ENNAHDHA

21 janvier 2012

Ennahdha condamne les slogans antisémites contre les juifs tunisiens

En réaction, le parti Ennahdha a publié un communiqué dans lequel il explique que les individus, ayant scandé ce genre de slogans antisémites, pouvaient se compter sur les doigts d’une seule main.
Dans ce contexte, Ennahdha a rappelé que les juifs tunisiens ont vécu en paix dans leur pays, la Tunisie, depuis des siècles. Ils sont des citoyens à part entière ayant les mêmes droits et les mêmes devoirs que n’importe quel Tunisien
Le parti a condamné ces slogans qui ne reflètent pas l’islam et ses principes. Il considère que ceux qui les ont scandés constituent un groupe marginal dont le but est d’entacher les activités du parti.
Le mouvement a, également, condamné «les réactions de certains lobbies européens qui veulent porter atteinte à l’image de la Tunisie et aux réalisations de la révolution, usant de la phobie de l’islam comme prétexte de leur campagne.

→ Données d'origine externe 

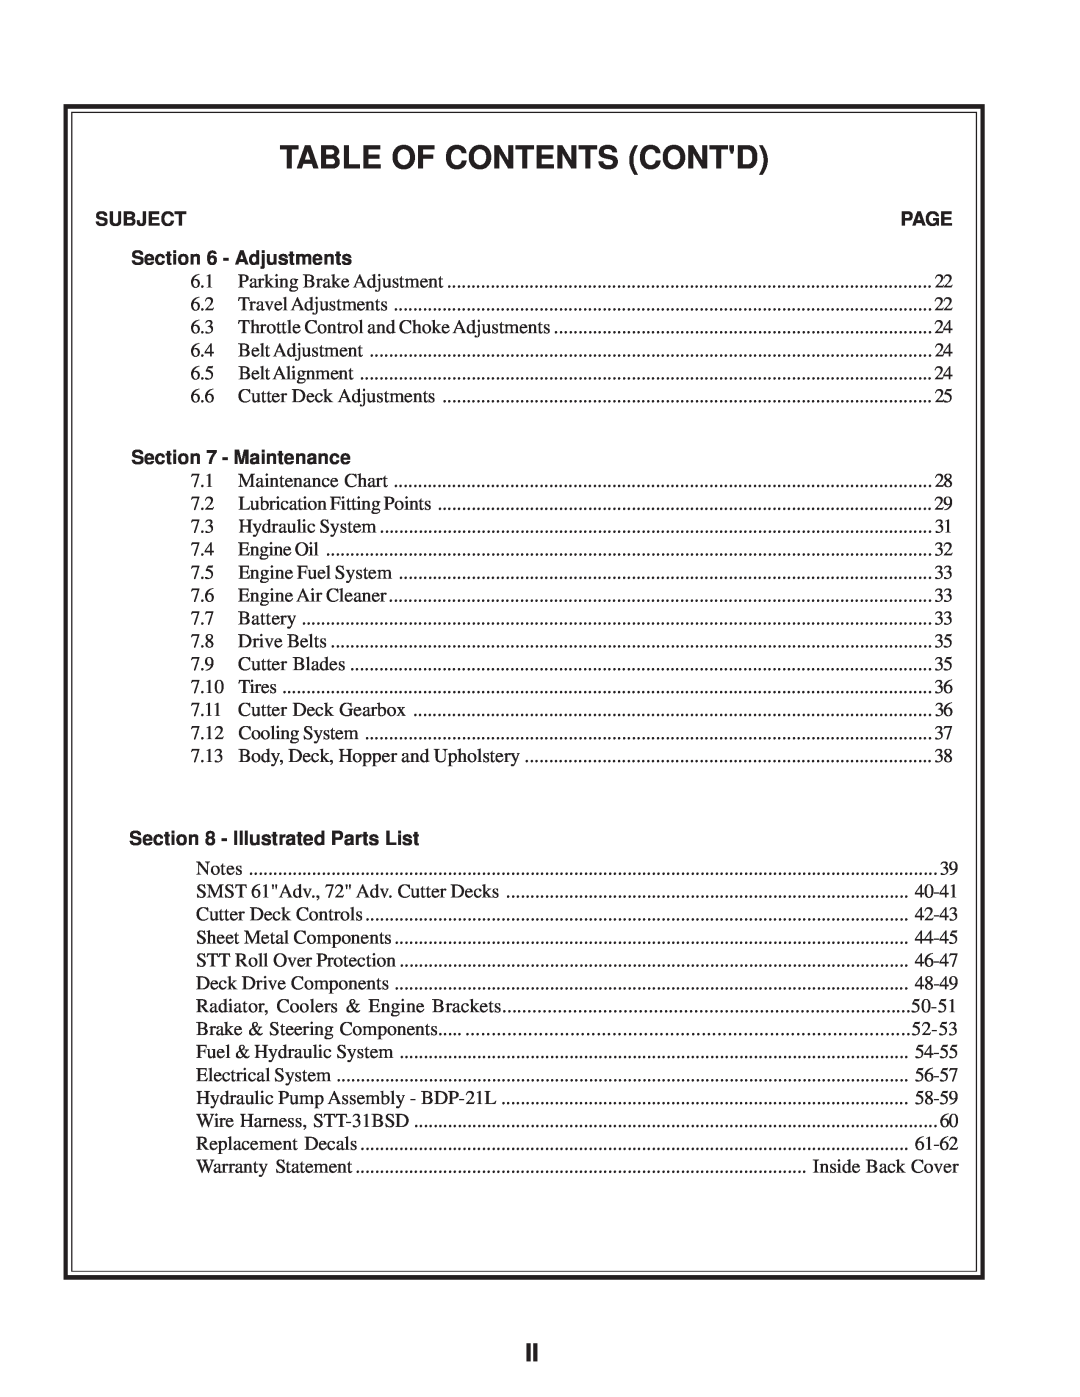 Scag Power Equipment STT-31BSD Table Of Contents Contd, Subject, Page, Adjustments, Maintenance, Illustrated Parts List 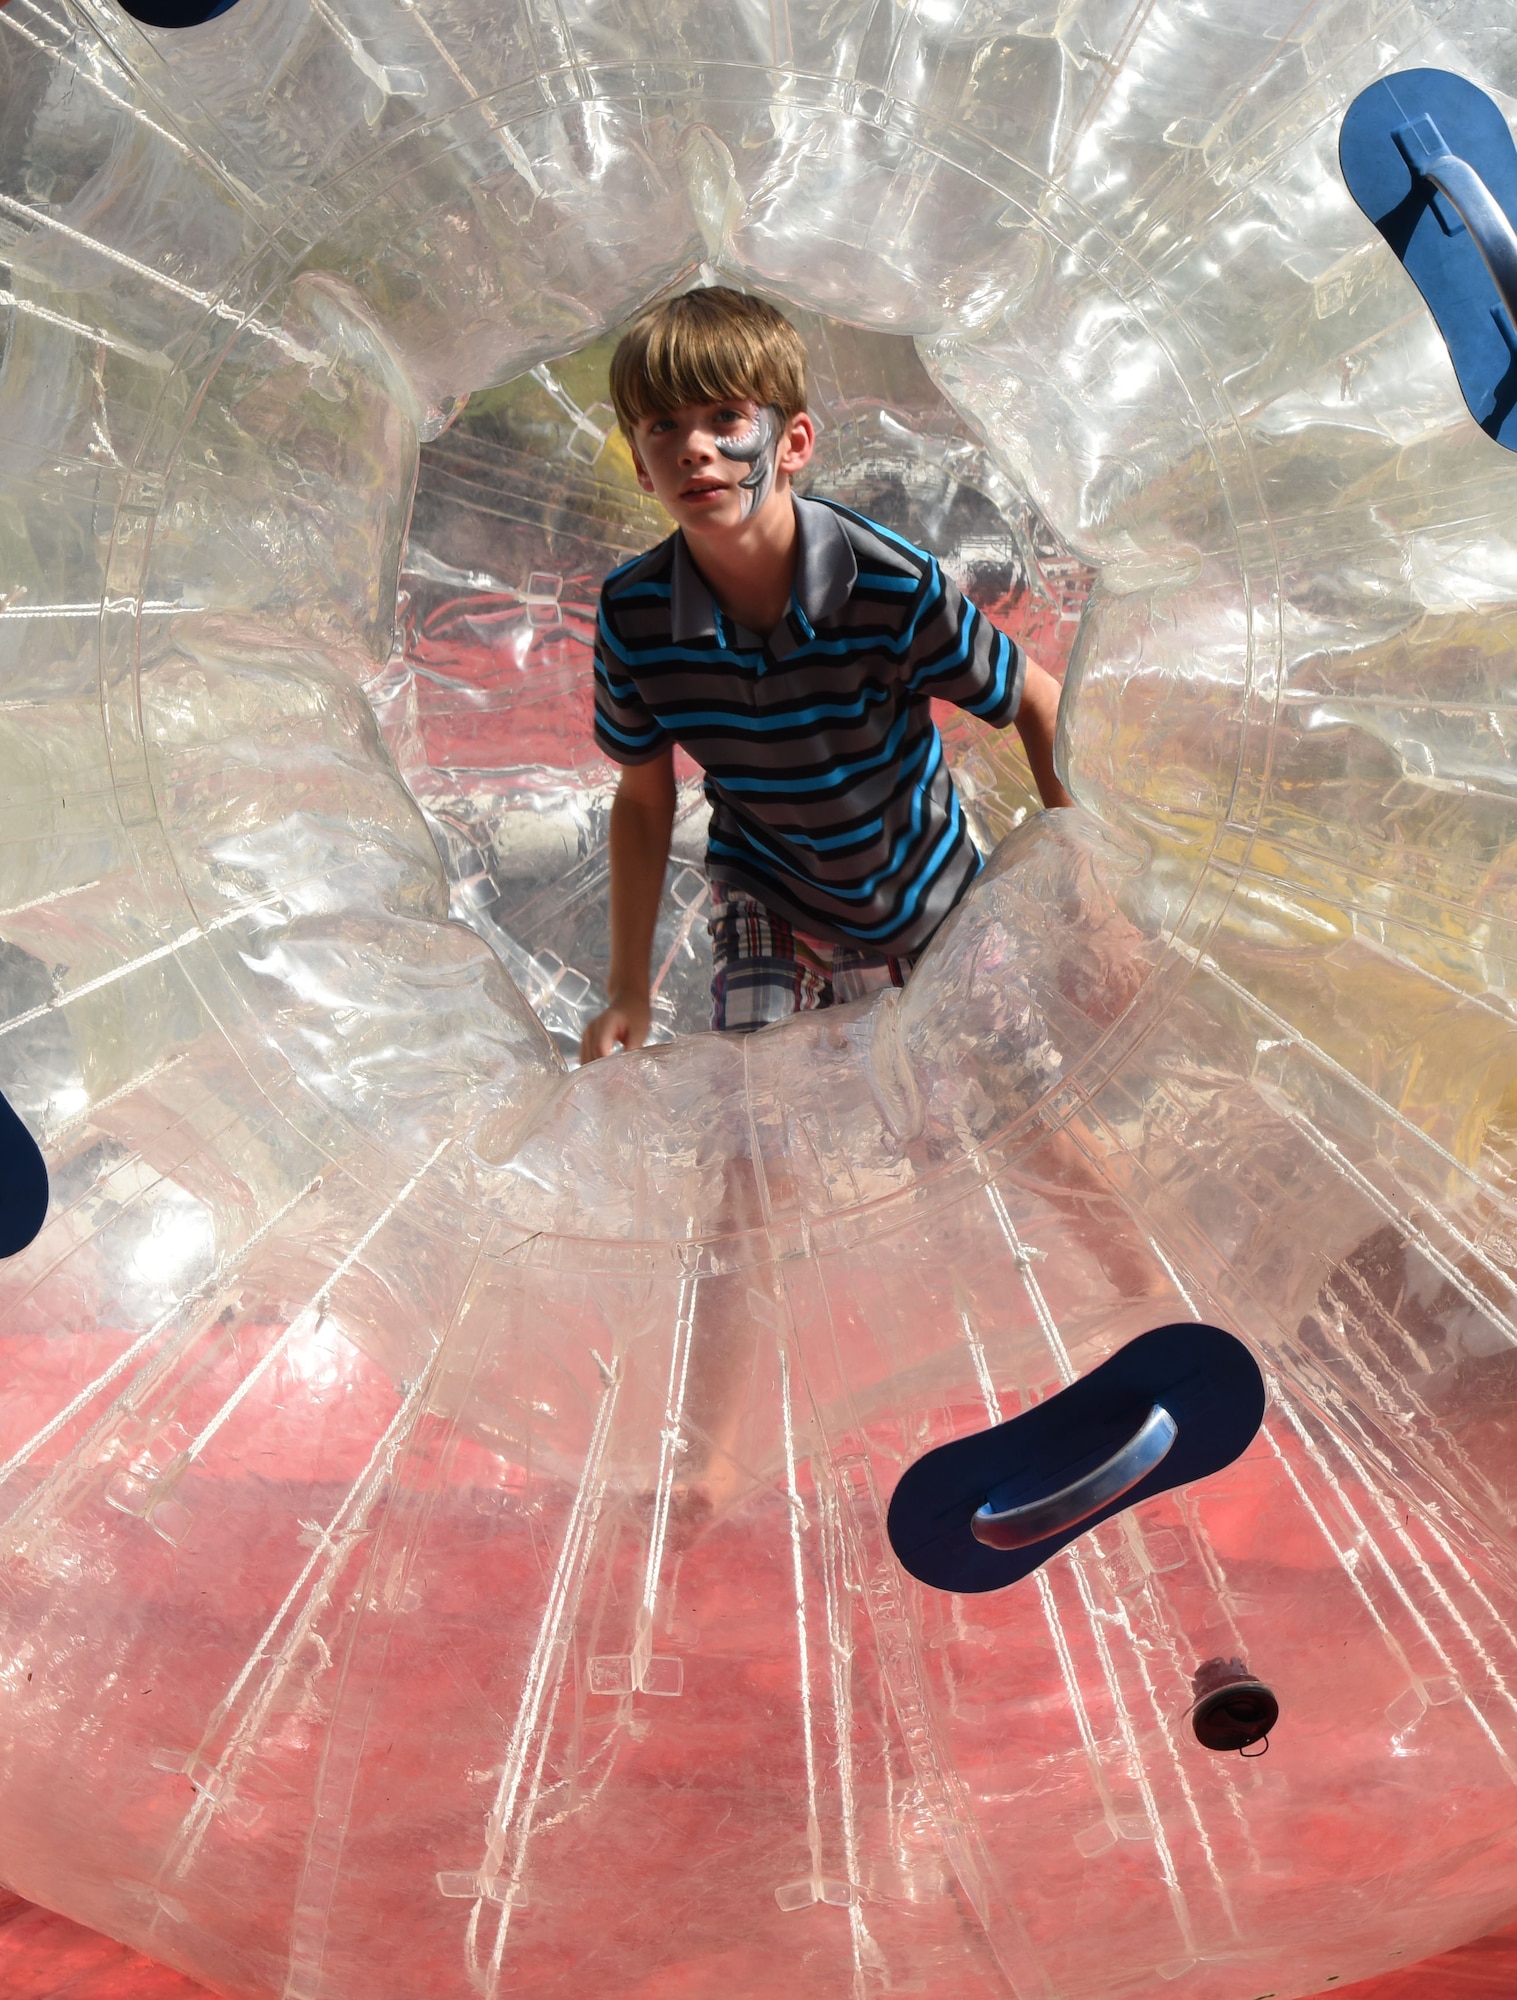 Chris Sentilles , son of Master Sgt. Chris Sentilles, 815th Airlift Squadron load master, plays inside a hamster ball during the Pops in the Park event at Marina Park July 1, 2017, on Keesler Air Force Base, Miss. The event also included a kids’ fishing rodeo, mullet toss, fireworks display and music performances. (U.S. Air Force photo by Kemberly Groue)

Pour leur part, la communauté juive de Tunisie «refuse d'être mêlée au conflit israélo-palestinien» et assure qu’elle «ne doit pas être insultée», ont déclaré dimanche des représentants de la communauté juive tunisienne à l’AFP.
Ainsi, Peres Trabelsi a indiqué : «Il n'y a pas de sionistes en Tunisie et on ne veut pas être mêlés au problème du Proche-Orient, la Tunisie est notre pays». Il a ajouté qu’«aucun Tunisien ne doit être insulté, et le gouvernement doit prendre des mesures pour que ce genre d'incident ne se reproduise pas», estimant que les gens qui profèrent ces slogans veulent «détruire la Tunisie».
Haïm Bittan, le grand rabbin de Tunis, a précisé, pour sa part, que «certains membres de la communauté ont eu peur après cet incident, mais il faut faire la différence entre la situation au Proche-Orient et ici», ajoutant que «tous les invités de la Tunisie sont les bienvenus», à propos de la présence de M. Haniyeh.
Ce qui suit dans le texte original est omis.